About this task:
Everything in the listing below from the line containing "Coffee pouring into a mug and splashing" through the line containing "USB Hubs - Mulan dual USB 2.0 hub" must be repeated exactly; the remaining lines are not wanted.

Records provided:
+ + +

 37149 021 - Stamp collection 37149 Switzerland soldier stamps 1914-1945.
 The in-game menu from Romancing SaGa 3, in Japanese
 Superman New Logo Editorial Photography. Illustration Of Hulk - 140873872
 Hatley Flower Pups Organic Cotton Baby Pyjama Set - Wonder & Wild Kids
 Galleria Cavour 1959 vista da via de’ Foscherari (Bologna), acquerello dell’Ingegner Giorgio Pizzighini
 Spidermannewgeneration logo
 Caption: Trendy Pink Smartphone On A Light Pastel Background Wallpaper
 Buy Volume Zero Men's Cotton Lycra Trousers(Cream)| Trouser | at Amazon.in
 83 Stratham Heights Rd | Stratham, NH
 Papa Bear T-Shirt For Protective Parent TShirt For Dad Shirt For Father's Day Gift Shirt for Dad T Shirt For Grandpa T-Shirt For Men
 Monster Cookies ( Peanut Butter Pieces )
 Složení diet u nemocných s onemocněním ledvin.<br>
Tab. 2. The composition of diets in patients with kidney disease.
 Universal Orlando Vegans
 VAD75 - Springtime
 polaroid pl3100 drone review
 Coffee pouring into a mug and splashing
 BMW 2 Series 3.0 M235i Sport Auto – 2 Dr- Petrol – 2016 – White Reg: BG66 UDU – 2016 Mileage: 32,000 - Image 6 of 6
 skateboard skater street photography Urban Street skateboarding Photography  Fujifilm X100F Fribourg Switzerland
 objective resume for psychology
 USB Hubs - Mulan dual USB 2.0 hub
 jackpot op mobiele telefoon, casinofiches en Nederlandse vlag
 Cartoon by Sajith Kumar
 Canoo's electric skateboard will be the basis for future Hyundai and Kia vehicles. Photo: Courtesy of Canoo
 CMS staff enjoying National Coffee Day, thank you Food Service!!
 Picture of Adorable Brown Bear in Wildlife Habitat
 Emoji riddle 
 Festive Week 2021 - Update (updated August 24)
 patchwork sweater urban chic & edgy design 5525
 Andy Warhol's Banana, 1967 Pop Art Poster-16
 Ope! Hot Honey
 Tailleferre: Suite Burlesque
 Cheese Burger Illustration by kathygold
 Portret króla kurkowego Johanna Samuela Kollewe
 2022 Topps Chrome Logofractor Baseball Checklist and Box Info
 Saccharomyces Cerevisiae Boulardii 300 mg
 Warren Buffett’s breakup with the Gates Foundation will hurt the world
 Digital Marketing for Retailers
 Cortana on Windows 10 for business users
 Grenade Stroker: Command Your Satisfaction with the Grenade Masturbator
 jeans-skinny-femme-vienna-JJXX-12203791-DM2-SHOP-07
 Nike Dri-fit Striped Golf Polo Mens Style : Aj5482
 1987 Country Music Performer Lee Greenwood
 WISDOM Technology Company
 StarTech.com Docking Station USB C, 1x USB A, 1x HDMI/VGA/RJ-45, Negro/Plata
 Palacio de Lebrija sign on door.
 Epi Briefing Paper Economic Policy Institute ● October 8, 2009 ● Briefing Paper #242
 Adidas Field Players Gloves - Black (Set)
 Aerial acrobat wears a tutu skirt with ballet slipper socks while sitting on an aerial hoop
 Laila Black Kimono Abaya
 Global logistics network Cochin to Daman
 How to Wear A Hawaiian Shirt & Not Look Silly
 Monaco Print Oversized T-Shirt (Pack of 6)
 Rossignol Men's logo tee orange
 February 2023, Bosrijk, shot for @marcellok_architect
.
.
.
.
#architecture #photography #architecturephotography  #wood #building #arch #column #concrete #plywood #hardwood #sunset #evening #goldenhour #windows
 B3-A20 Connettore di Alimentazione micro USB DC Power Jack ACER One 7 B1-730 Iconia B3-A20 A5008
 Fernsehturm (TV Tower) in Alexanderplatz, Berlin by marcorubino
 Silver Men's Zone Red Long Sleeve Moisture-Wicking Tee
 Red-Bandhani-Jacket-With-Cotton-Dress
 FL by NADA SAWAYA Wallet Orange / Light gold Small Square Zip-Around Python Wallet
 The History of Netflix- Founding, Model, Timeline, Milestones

+ + +

Response to the task:
 Coffee pouring into a mug and splashing
 BMW 2 Series 3.0 M235i Sport Auto – 2 Dr- Petrol – 2016 – White Reg: BG66 UDU – 2016 Mileage: 32,000 - Image 6 of 6
 skateboard skater street photography Urban Street skateboarding Photography  Fujifilm X100F Fribourg Switzerland
 objective resume for psychology
 USB Hubs - Mulan dual USB 2.0 hub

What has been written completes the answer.